Recent Career Highlights
I passed my oral qualifying exam (May 2007),
making me a Ph.D. candidate,
with dissertation title "Supporting knowledge discovery in data stream
management systems". A copy of my qual proposal can be found
here(pdf). I also got married
to my not-so-techie wife in Dec 2006.
I started my Ph.D. in September 2003 and I have been doing research with
Professor Zaniolo since then.
I worked
as a research intern at Google for summer 2007 on click stream analysis. I also worked as a research intern at
IBM Almaden Research Center for summer 2005 and 2006,
where I focused on different research areas such as
sequence query langugages, Web 2.0 enterprise applications,
RFID data analysis and cleansing, etc. I received my M.S. and B.S.
degrees in Computer
Science from UCLA in March 2005 and September 2003, respectively.

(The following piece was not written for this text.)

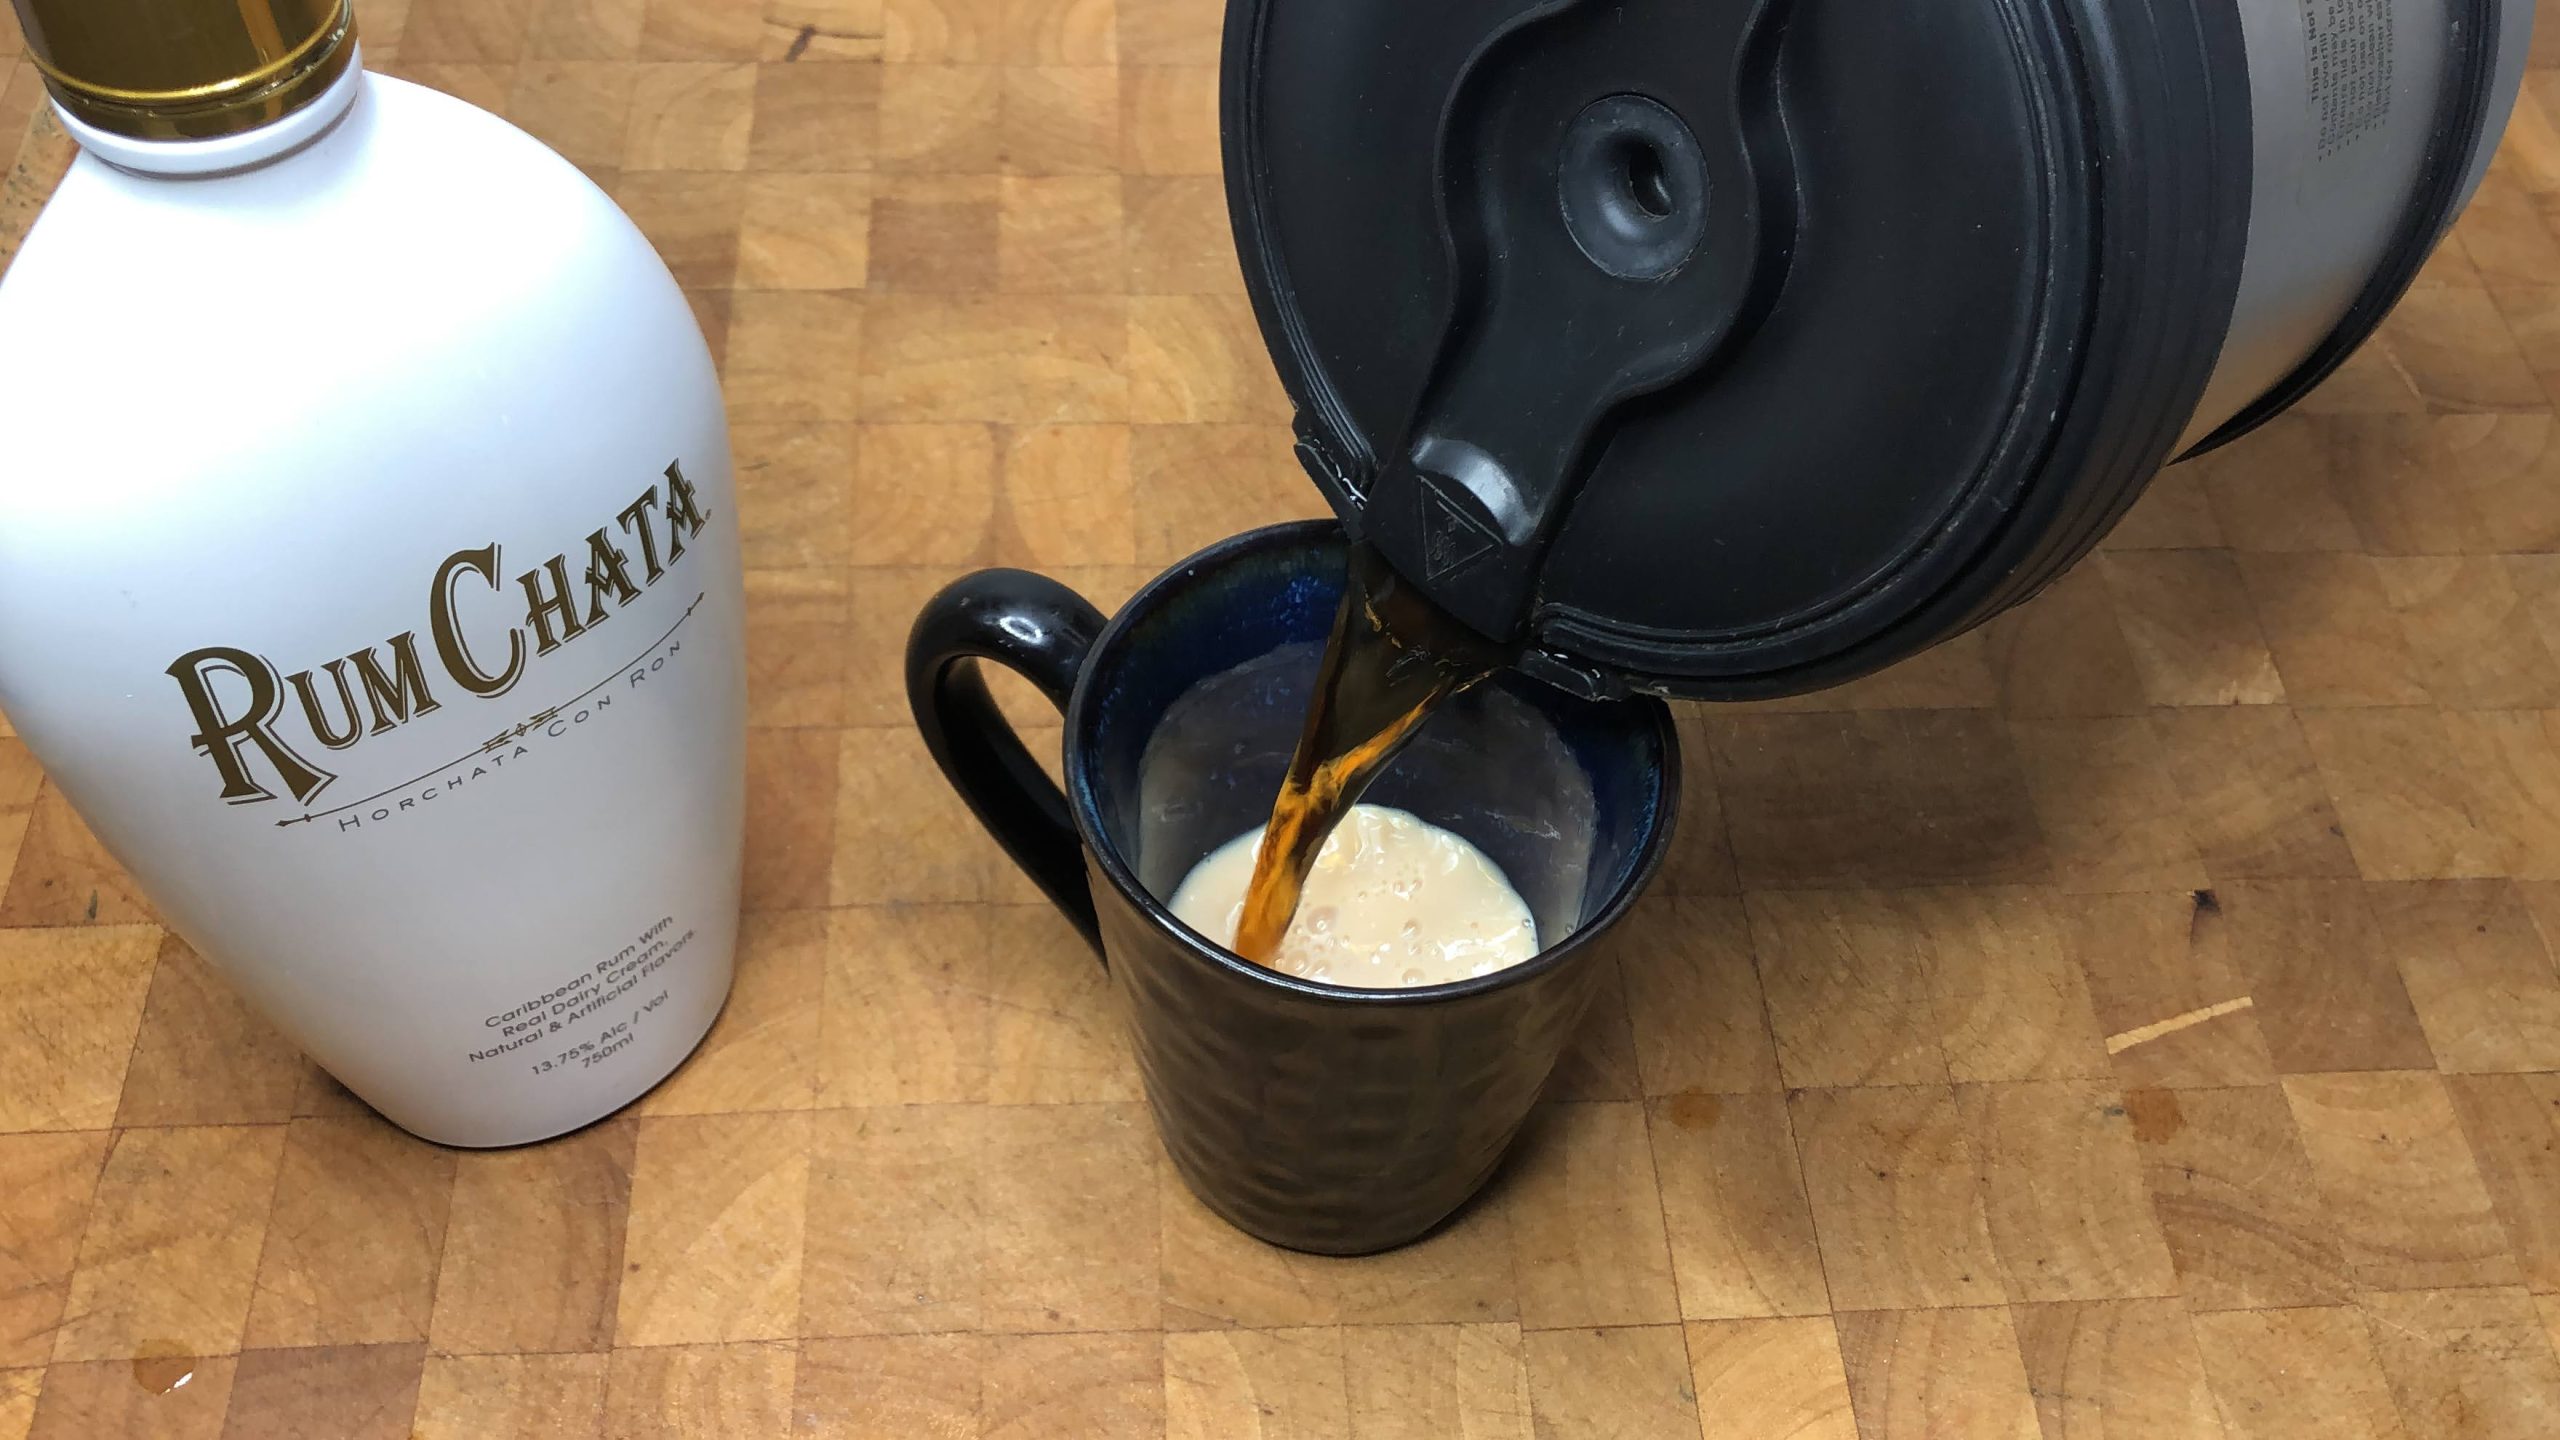 pouring coffee into a coffee mug

For the last year and half of my B.S. I was also working
at Citibank as a Quality Assuarance intern. I transferred to UCLA in January 2002 from
Wright State University, Ohio.
Jun Rao, Sangeeta Doraiswamy, Hetal Thakkar, and Latha Colby. A deferred cleansing method for RFID data analytics. VLDB 2006.
(pdf)
Xin Zhou., Hetal Thakkar, Carlo Zaniolo. Unifying the processing
of XML streams and relational data. ICDE 2006.
(pdf)
Chang Luo, Hetal Thakkar, Haixun Wang, and Carlo Zaniolo. A native
extension of SQL for mining data streams. ACM SIGMOD 2005 demo paper.
(pdf)
Yijian Bai, Chang Luo, Hetal Thakkar, and Carlo Zaniolo.

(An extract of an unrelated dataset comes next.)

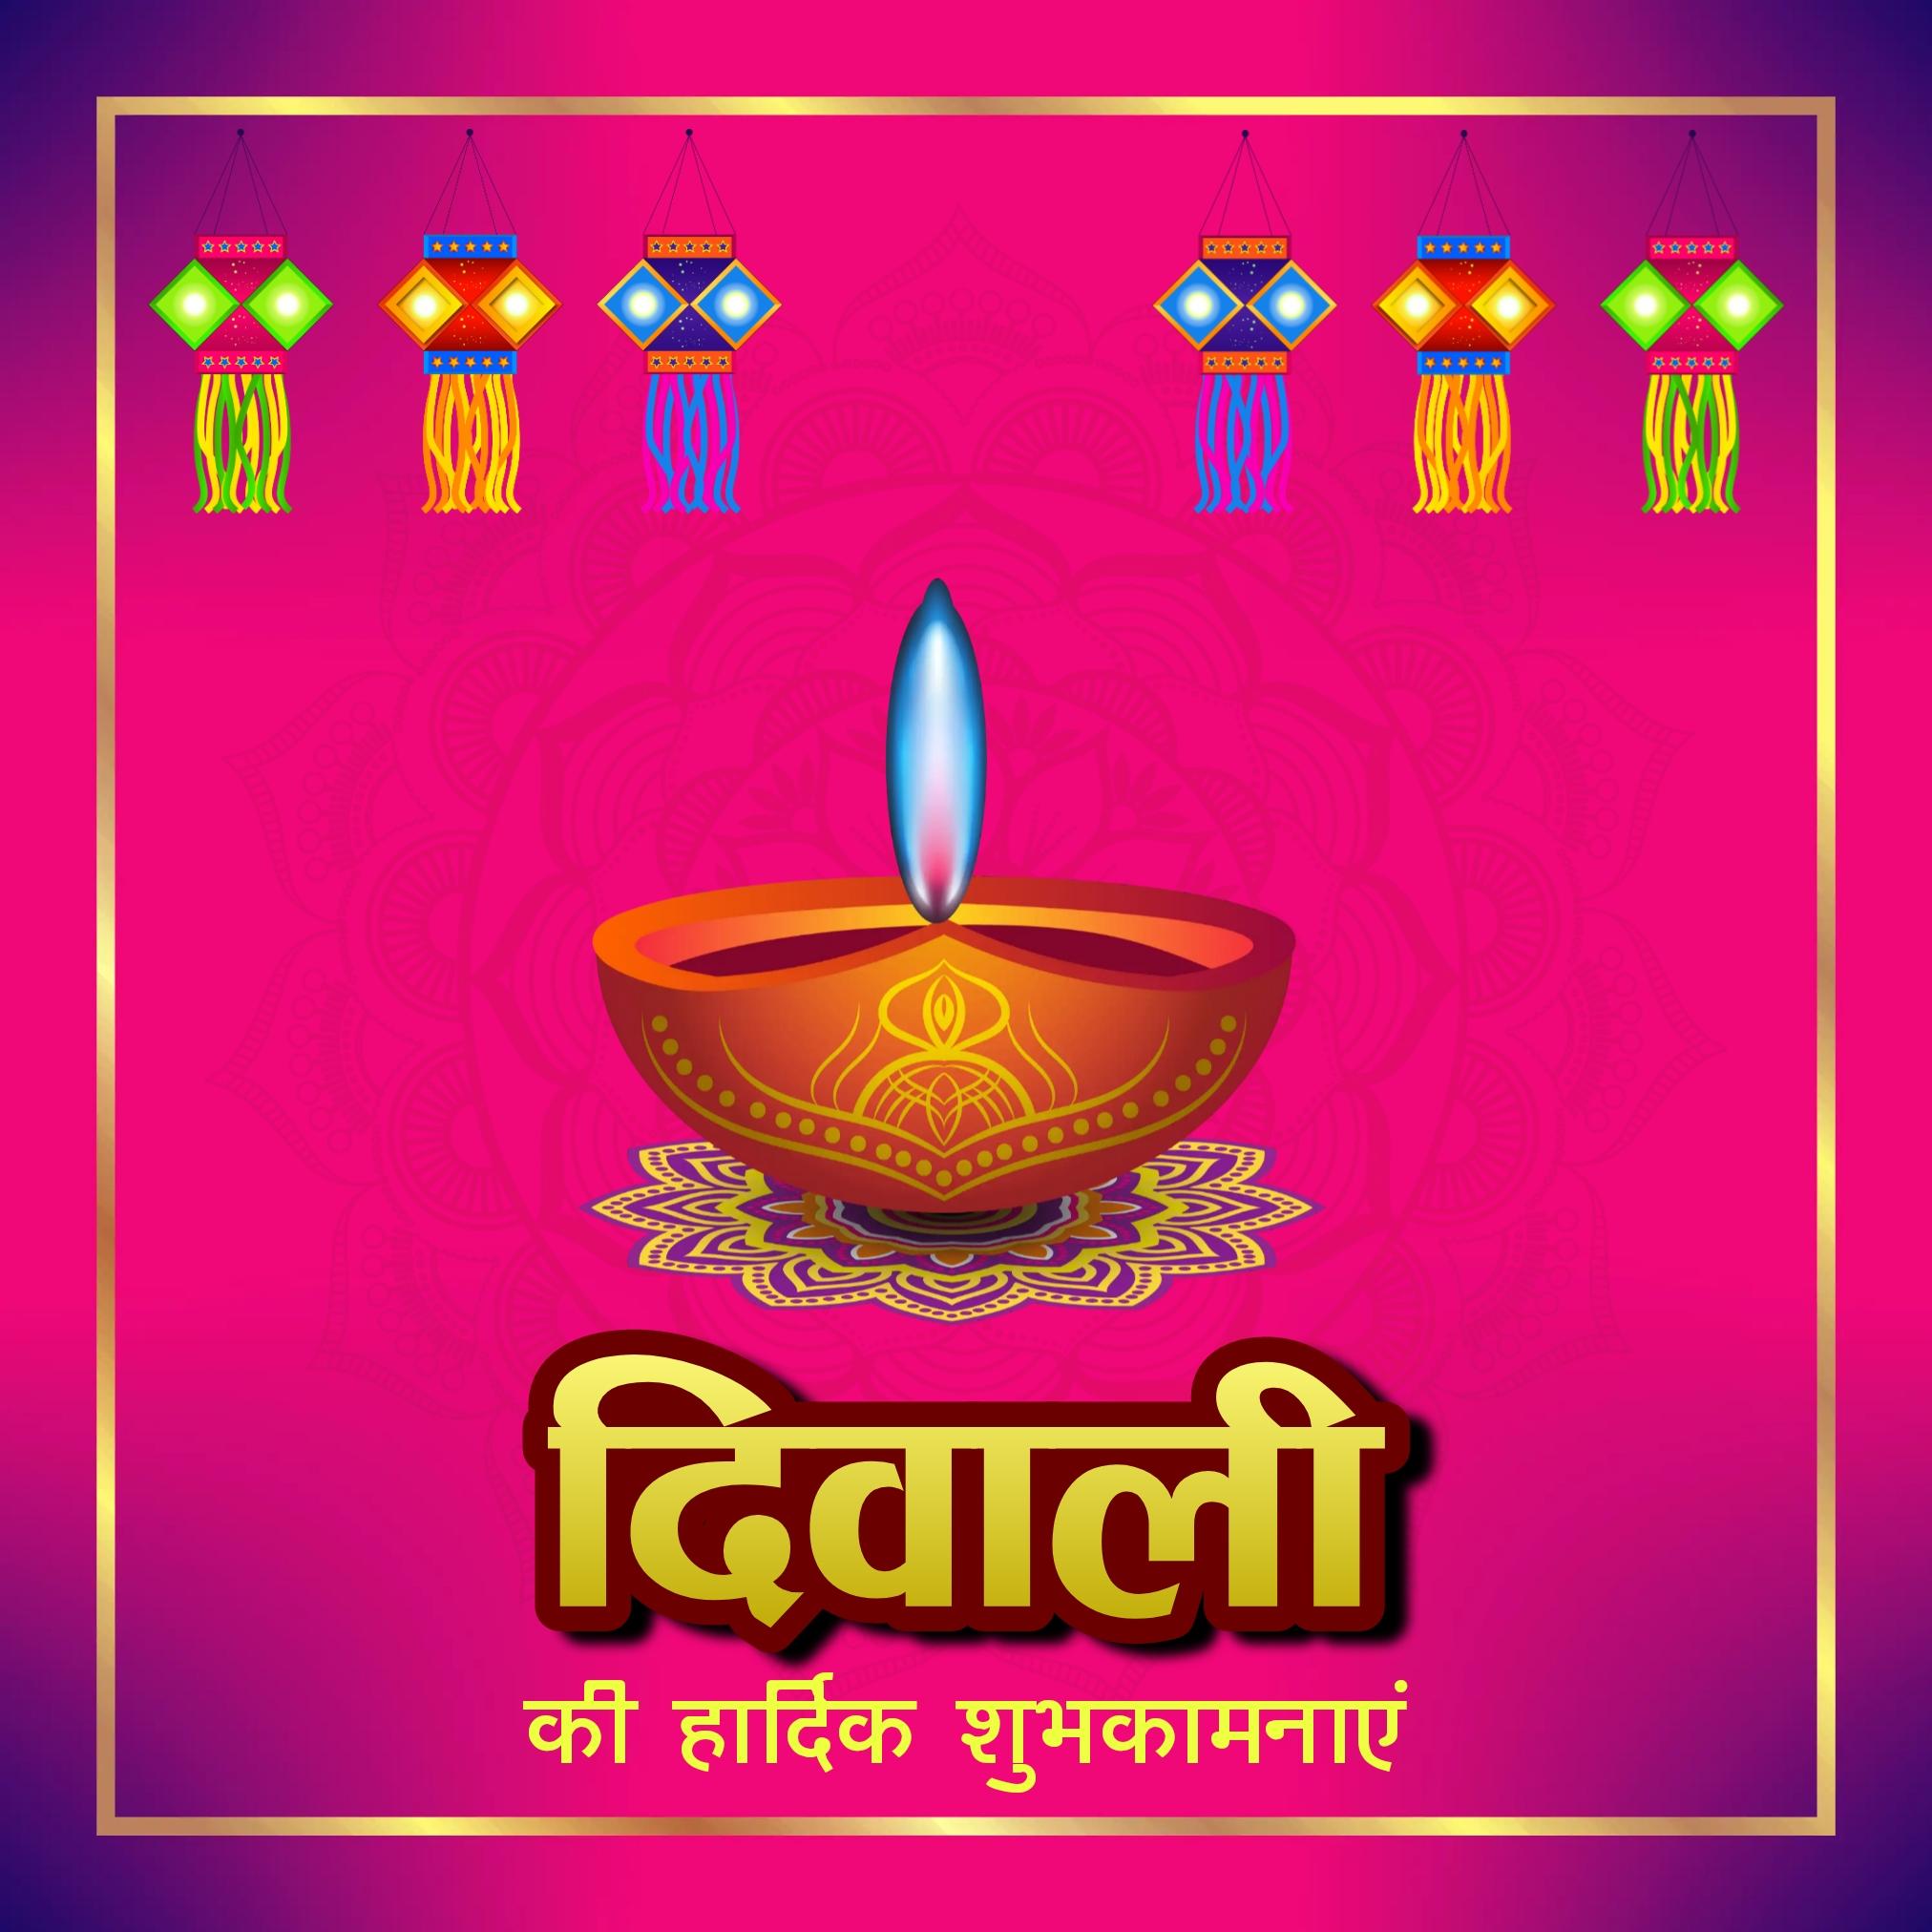 Happy Deepawali Images in Hindi

Efficient support for time series queries in data stream
management systems. In Stream Data Management-Chapter
6. N. Chaudhry, K. Shaw and M. Abdelguerfi (EDs.),
Kluwer, Vol. 30, 2004.
(pdf)
Projects
Stream Mill Stream Mill brings power and generality to data stream management systems. Stream Mill supports Expressive Stream Language, which allows complex queries on data streams through minimal extensions to SQL. Furthermore, Stream Mill aims to unify the processing of relational streams and XML streams.
ATLaS ATLaS is a powerful Database Systems that supports simple extensions to SQL that allow efficient data mining.